'I CAN'T VERY WELL GET OUT,' SHE SAID.
'I can't very well get out,' she said. 'I'm so packed in, and there are some breakable things. But I'll manage it in a minute. Yes, yes—it's I myself! I've come to stay with you, though I have not been invited. And—you'll understand directly, I've brought my house—or rather my room—with me like a snail, so auntie can't turn me away again.'
She was so excited and delighted with herself, and we were so excited and delighted too, that we could scarcely speak for laughing. We did not let her get out; she was so packed in, as she said, but we walked by the door, she talking as hard as she could, for her vehicle was lumbering along at a foot's pace.
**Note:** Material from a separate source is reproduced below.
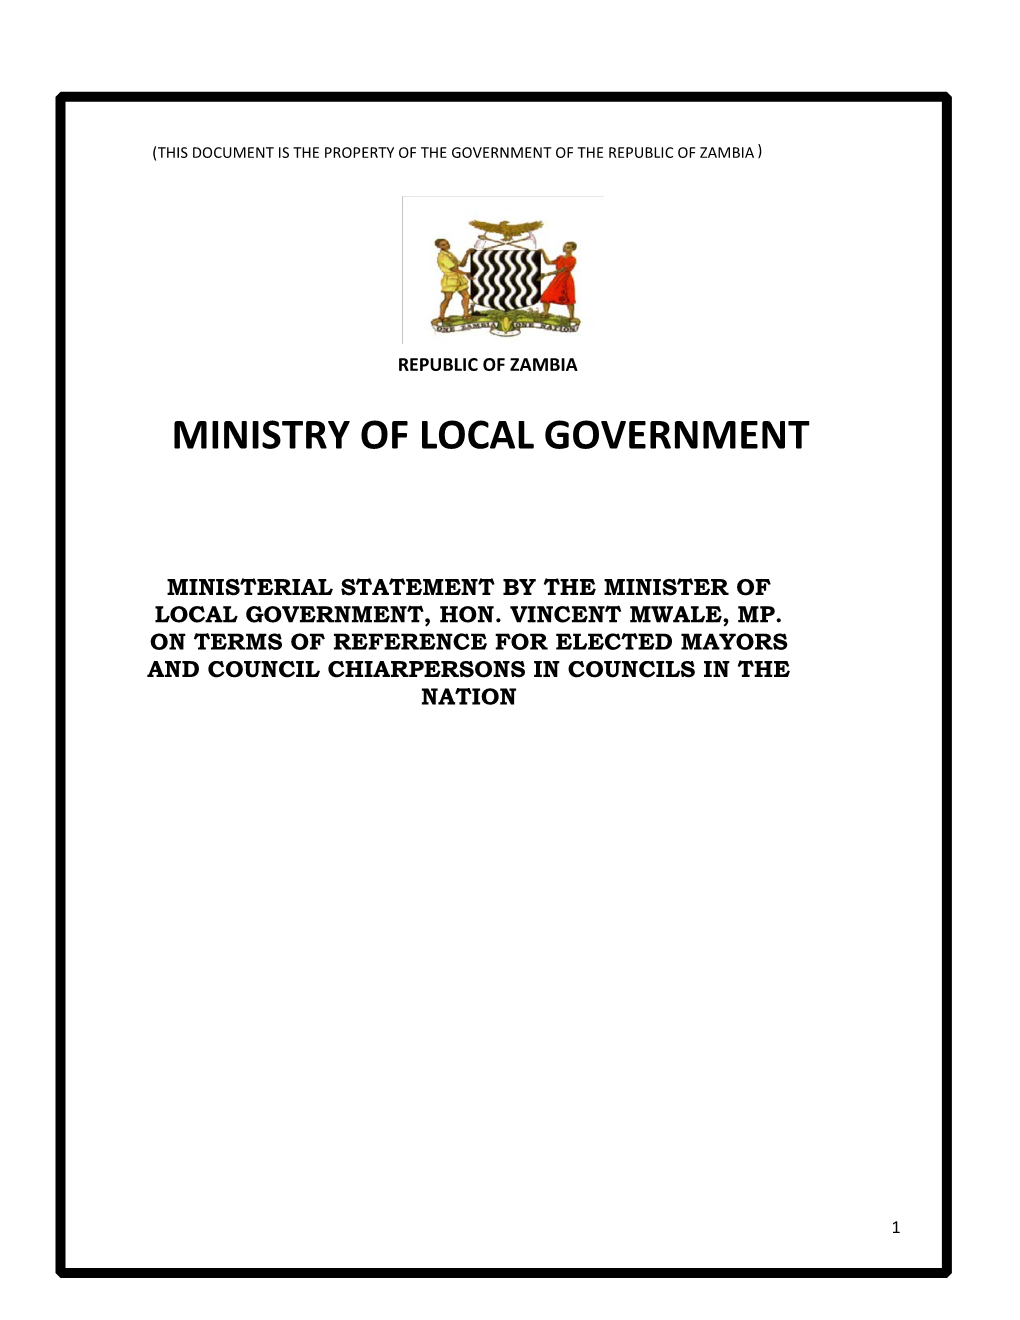 Ministry of Local Government

'Yes,' she said, in answer to our eager questions; 'I've been travelling like this since ten o'clock. No, not quite like this—we did trot on the high road. The waggonette——'
'Waggonette,' interrupted George, 'I should call it a—waggon and a half!'
'Well, never mind about that. Call it an omnibus if you like. Anyway, it started yesterday, and spent the night at Wetherford. Granny wanted me to come all the way to Kirke by train and to write to tell you, which would have spoilt the fun. So I got her to let me '('to let you indeed, Miss Taisy,' thought I to myself, though I did not say so; 'I know better. You said sweetly, "Granny, dear, I just must;" and she said, "Well, well, my darling, if you must, you must, I suppose")—'to let me come to Wetherford this morning with her maid, and to meet old Dawson' (the driver) 'there, and come on as you see. I had hard work to find room for myself inside, and I did begin to think we should never get here! But the evenings are long now, and it's been a lovely day; everything's dry and ready—bedding and all. There'll be plenty of time to unpack, and Dawson is to stay the night at Kirke, and ride home on one horse, leading the other.'
'And leaving the waggon,' I said, rather stupidly I must own; I think I was really feeling rather bewildered with the excitement and laughing and Taisy's flow of explanation.
She burst out laughing again at this.
'Of course,' she said. 'If I didn't keep my house, I might as well go back again. But do let us hurry on to tell auntie all about it.'
I think in her heart of hearts poor Taisy was feeling a tiny atom anxious as to what mamma would think of it all. But she need not have done. Mamma understood her so well and trusted her good sense as well as her affection, in spite of dear Taisy's rather wild ways sometimes.